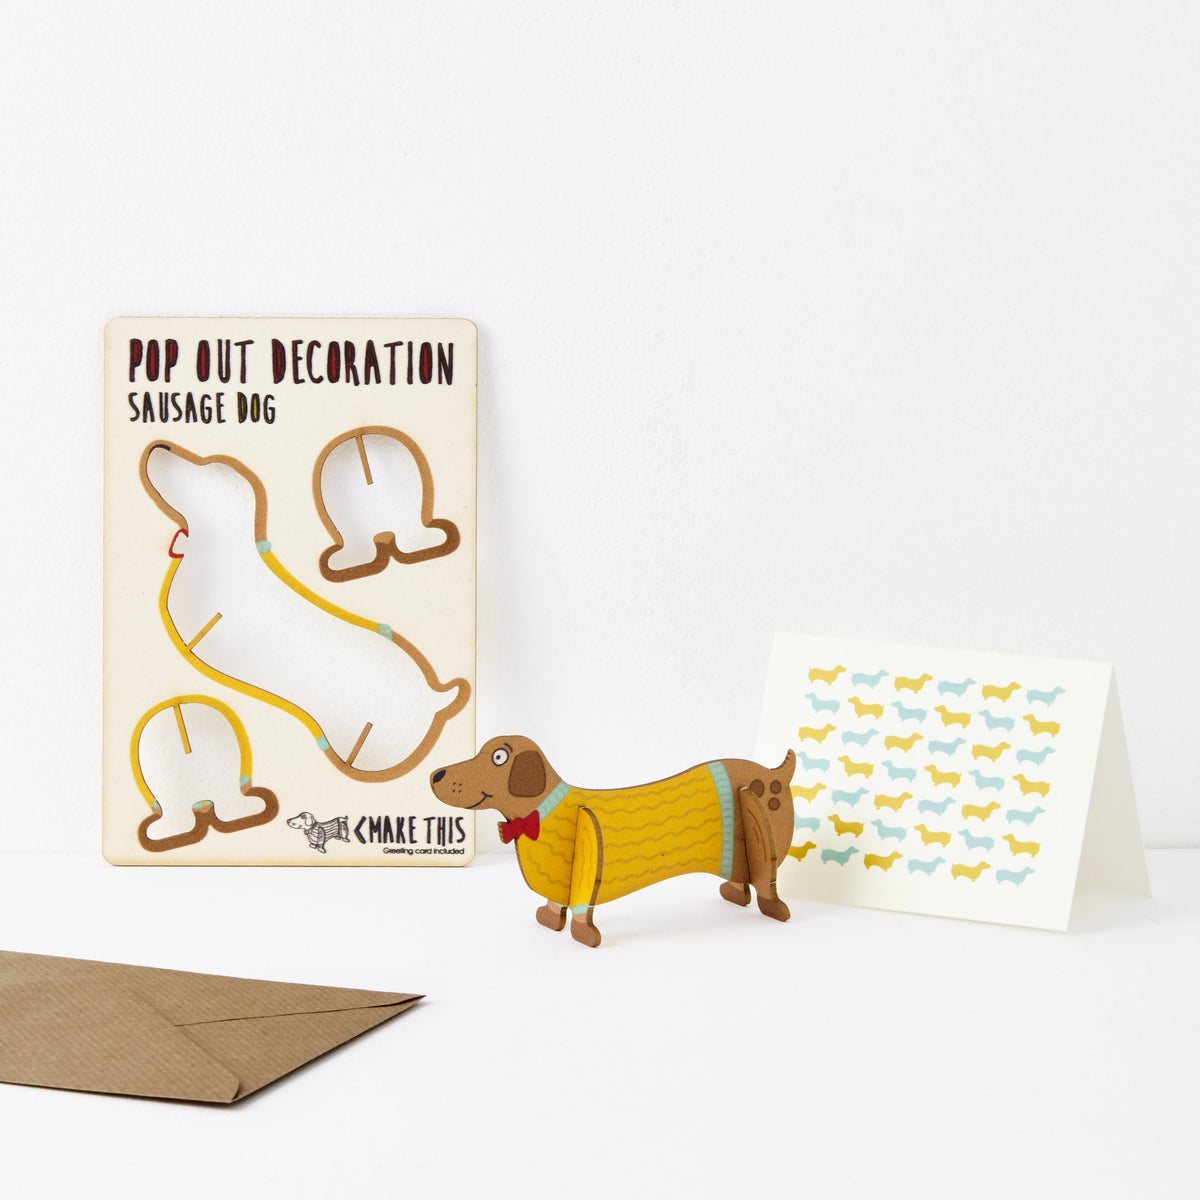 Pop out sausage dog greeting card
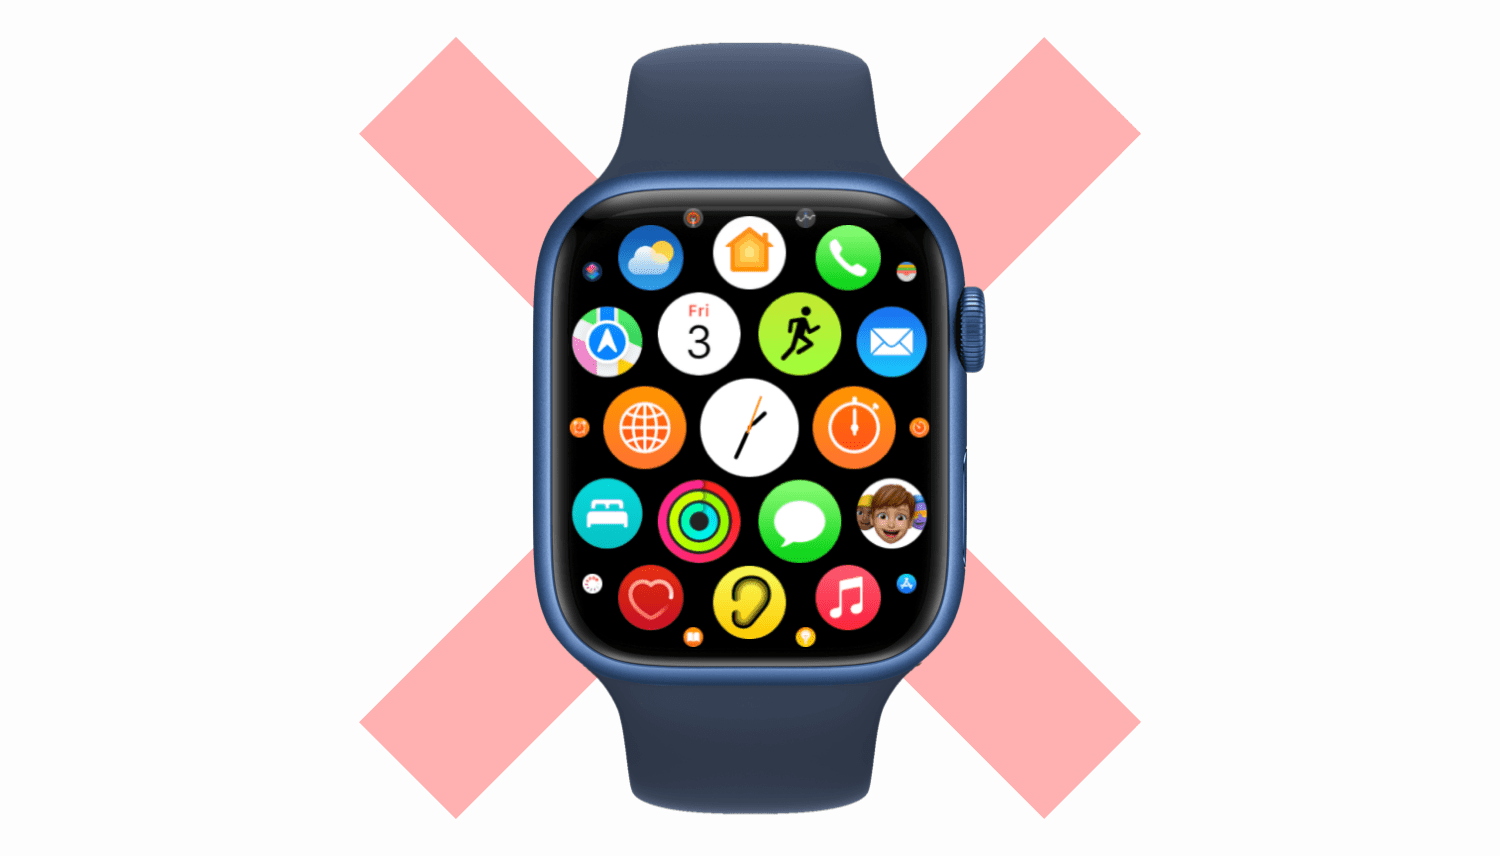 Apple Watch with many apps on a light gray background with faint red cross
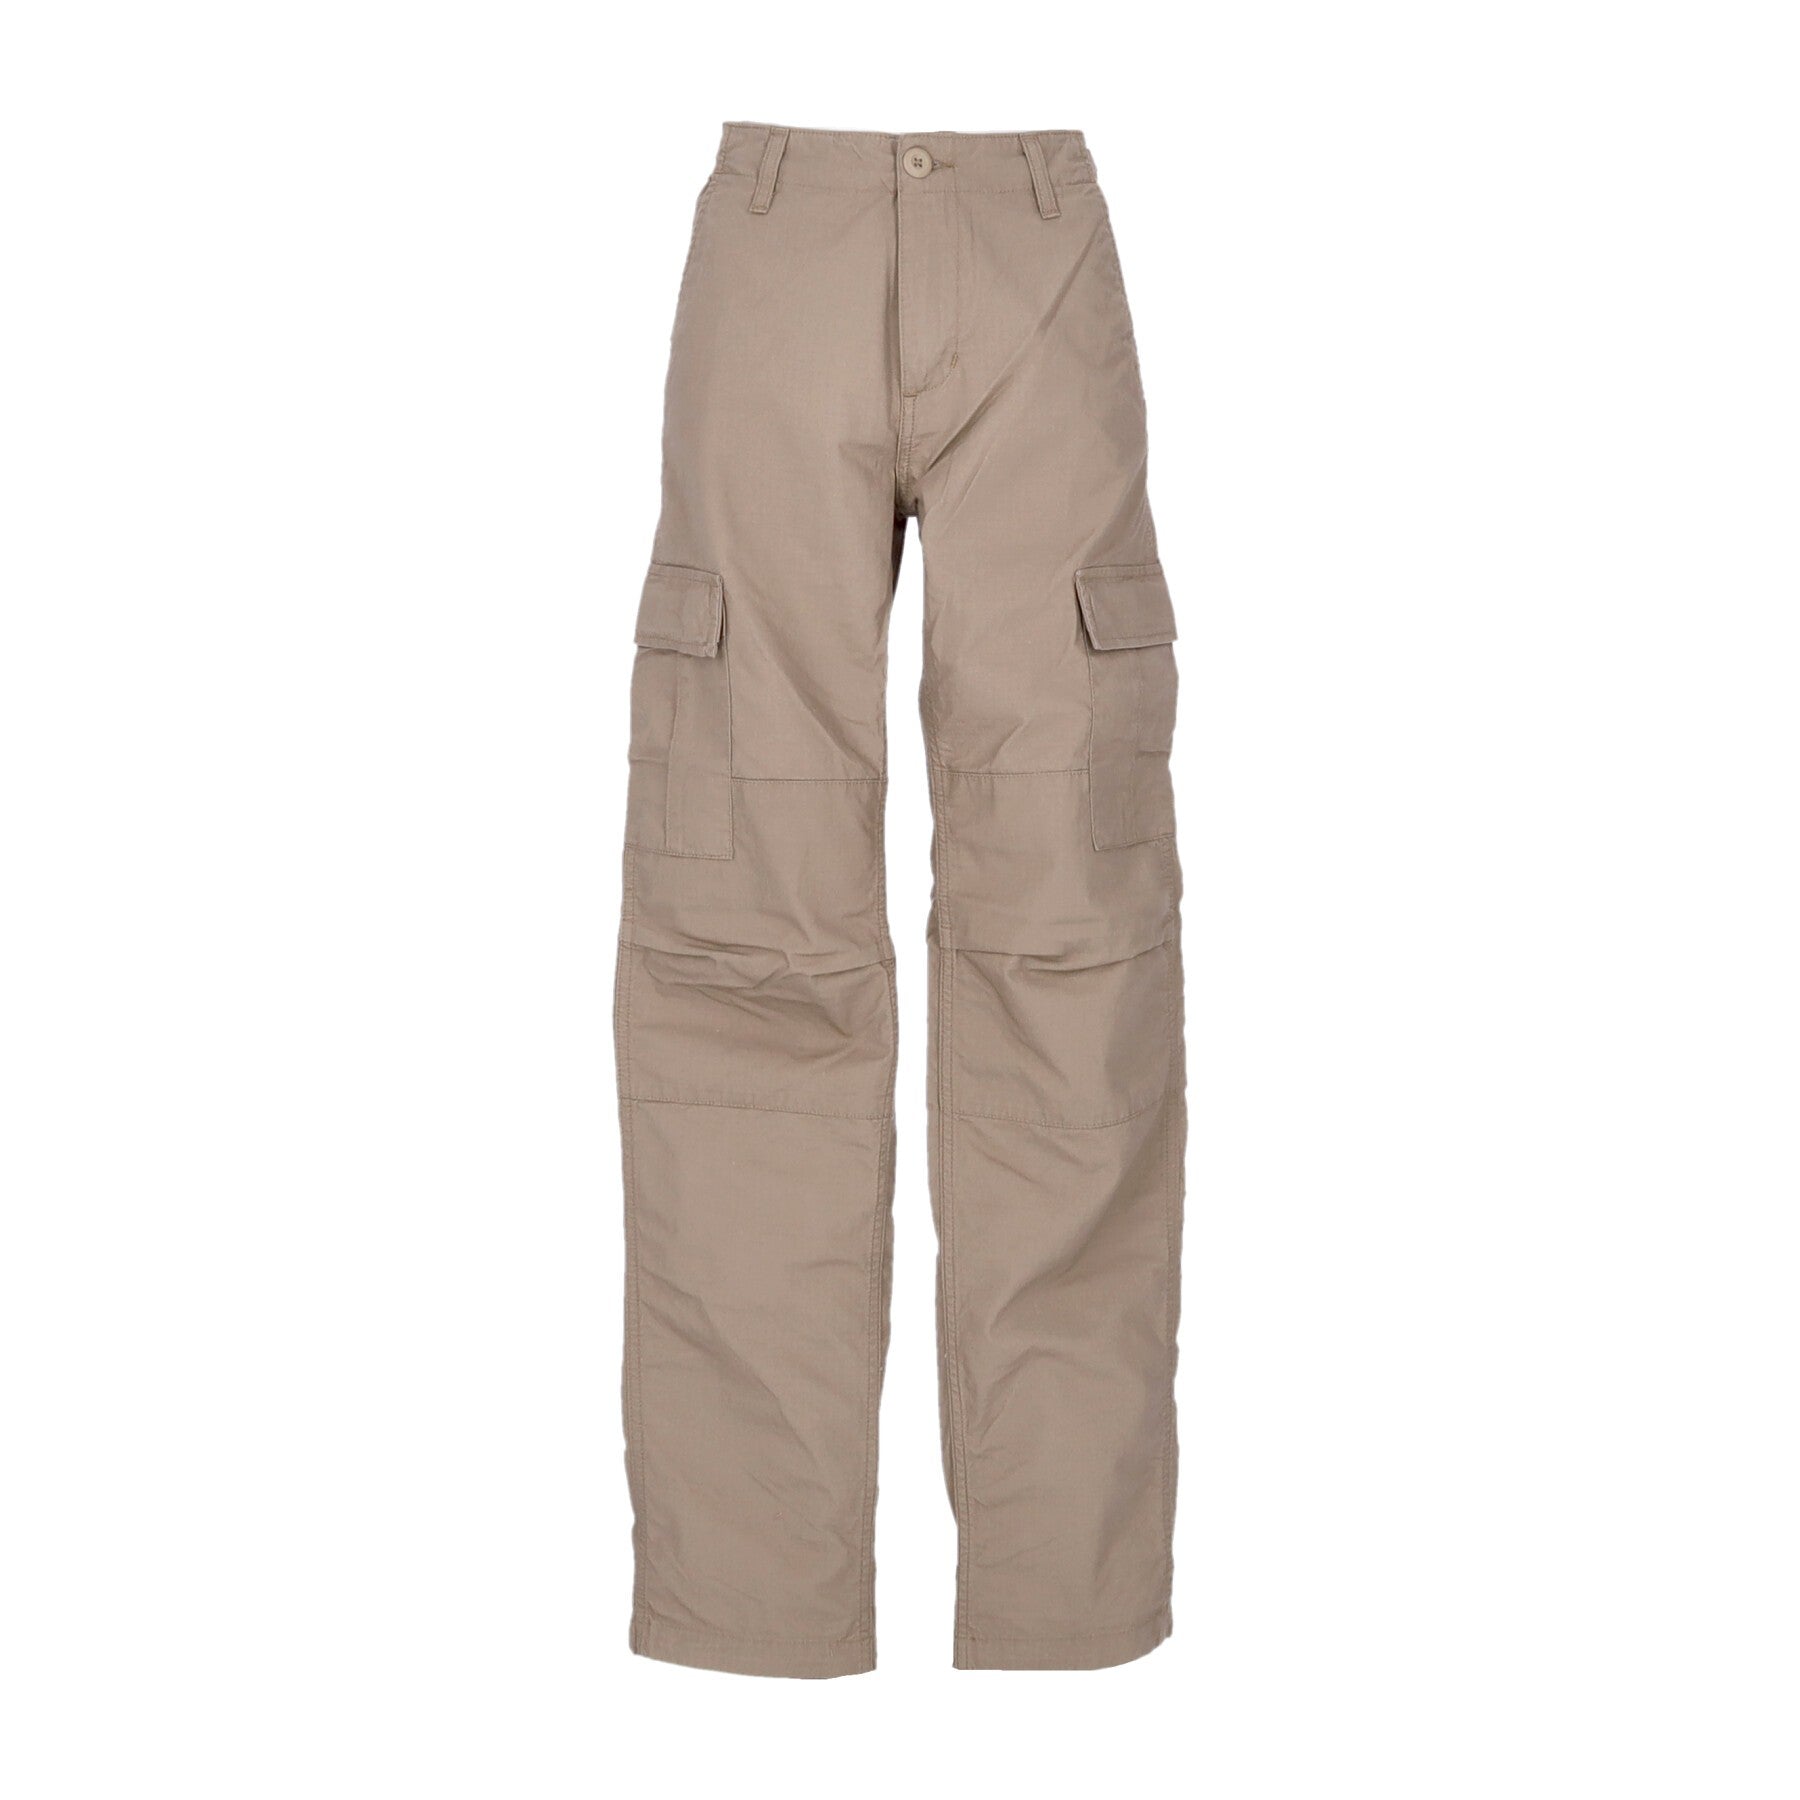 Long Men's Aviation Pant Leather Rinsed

--------------------------------

## Required work
Please reproduce the data above word for word, skipping all images.

## Task solution
 Pop out sausage dog greeting card
 Apple Watch with many apps on a light gray background with faint red cross
 Long Men's Aviation Pant Leather Rinsed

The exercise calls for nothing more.